Archive

Archive for the ‘Data Analysis and Visualisation’ Category

A brain systems visualisation tool

January 4, 2011 Leave a comment

brainSCANr.

This looks like a fantastic visualisation tool – but one that should prove useful as a research tool.

The Brain Systems, Connections, Associations, and Network Relationships (a phrase with more words than strictly necessary in order to bootstrap a good acronym) assumes that somewhere in all the chaos and noise of the more than 20 million papers on PubMed, there must be some order and rationality.

To that end, we have created a dictionary of hundreds of brain region names, cognitive and behavioral functions, and diseases (and their synonyms!) to find how often any two phrases co-occur in the scientific literature. We assume that the more often two terms occur together (at the exclusion of those words by themselves, without each other), the more likely they are to be associated.

Are there problems with this assumption? Yes, but we think you’ll like the results anyway. Obviously the database is limited to the words and phrases with which we have populated it. We also assume that when words co-occur in a paper, that relationship is a positive one (i.e., brain areas A and B are connected, as opposed to not connected). Luckily, there is a positive publication bias in the peer-reviewed biomedical sciences that we can leverage to our benefit (hooray biases)! Furthermore, we cannot dissociate English homographs; thus, a search for the phrase “rhythm” (to ascertain the brain regions associated with musical rhythm) gives the strongest association with the suprachiasmatic nucleus (that is, for circadian rhythms!)

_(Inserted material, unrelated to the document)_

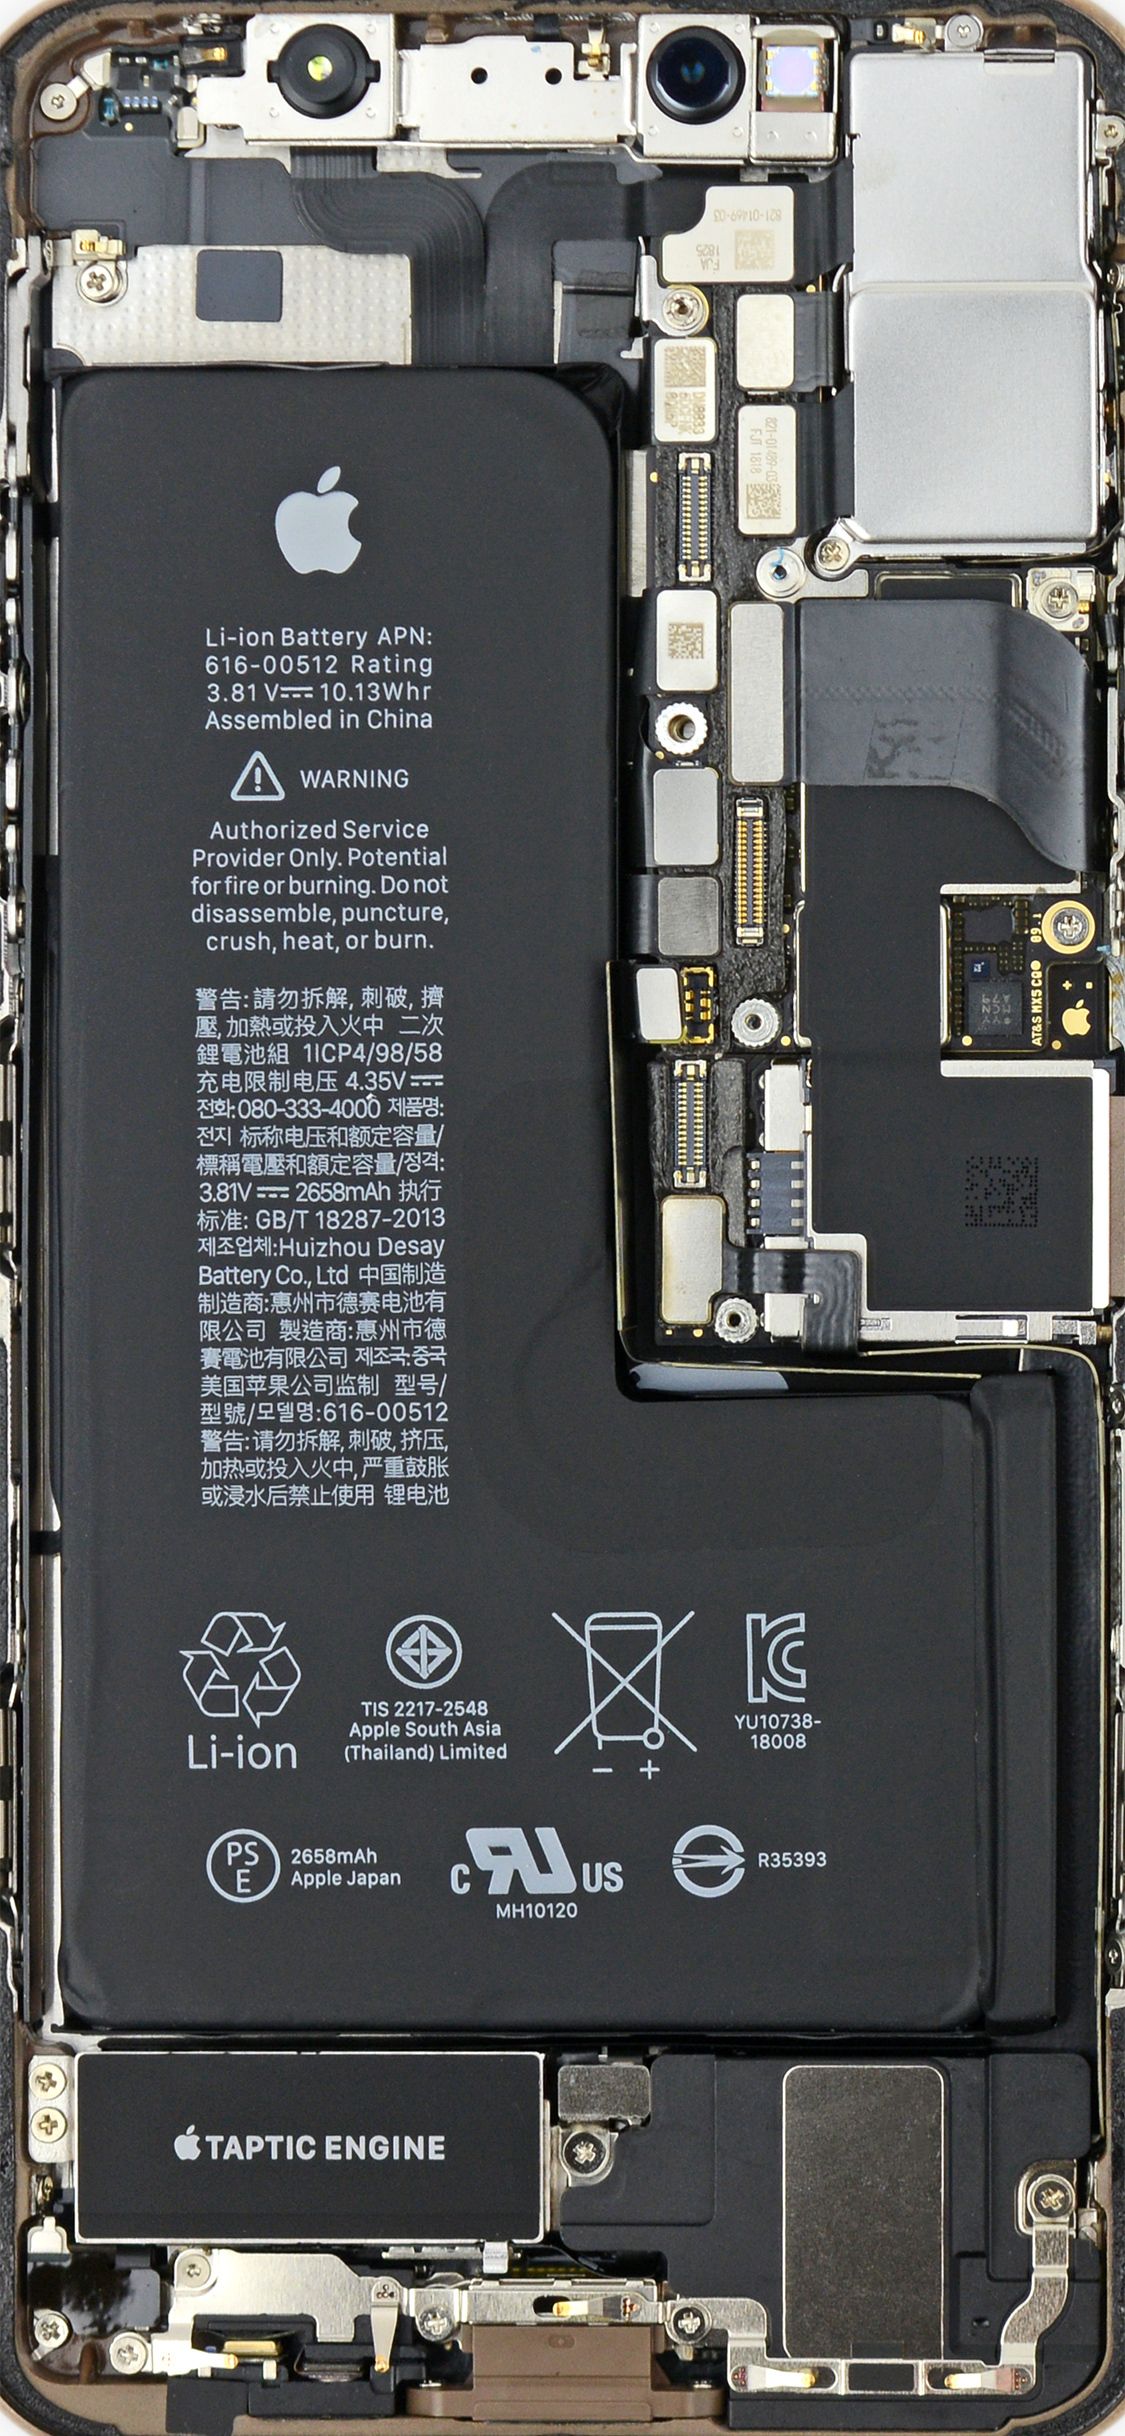 Teardown Finds iPhone SE and iPhone 5s Displays Interchangeable - MacRumors

Despite these limitations, we believe we have created a powerful visualization tool that will speed research and education, and hopefully allow for the discovery of new, previously unforeseen connections between brain, behavior, and disease.

H/T: Marsha Lucas

Mismeasuring scientific quality (and an argument in favour of diversity of measurement systems)

December 27, 2010 2 comments

There was a short piece here recently on the misuse of impact factors to measure scientific quality, and how this in turn leads to dependence on drugs like Sciagra™ and other dangerous variants such as Psyagra™ and Genagra™.

Here’s an interesting and important post from Michael Nielsen on the mismeasurement of science. The essence of his argument is straightforward: unidimensional reduction of a multidimensional variable set is going to lead to significant loss of important information (or at least that’s how I read it):

My argument … is essentially an argument against homogeneity in the evaluation of science: it’s not the use of metrics I’m objecting to, per se, rather it’s the idea that a relatively small number of metrics may become broadly influential. I shall argue that it’s much better if the system is very diverse, with all sorts of different ways being used to evaluate science. Crucially, my argument is independent of the details of what metrics are being broadly adopted: no matter how well-designed a particular metric may be, we shall see that it would be better to use a more heterogeneous system.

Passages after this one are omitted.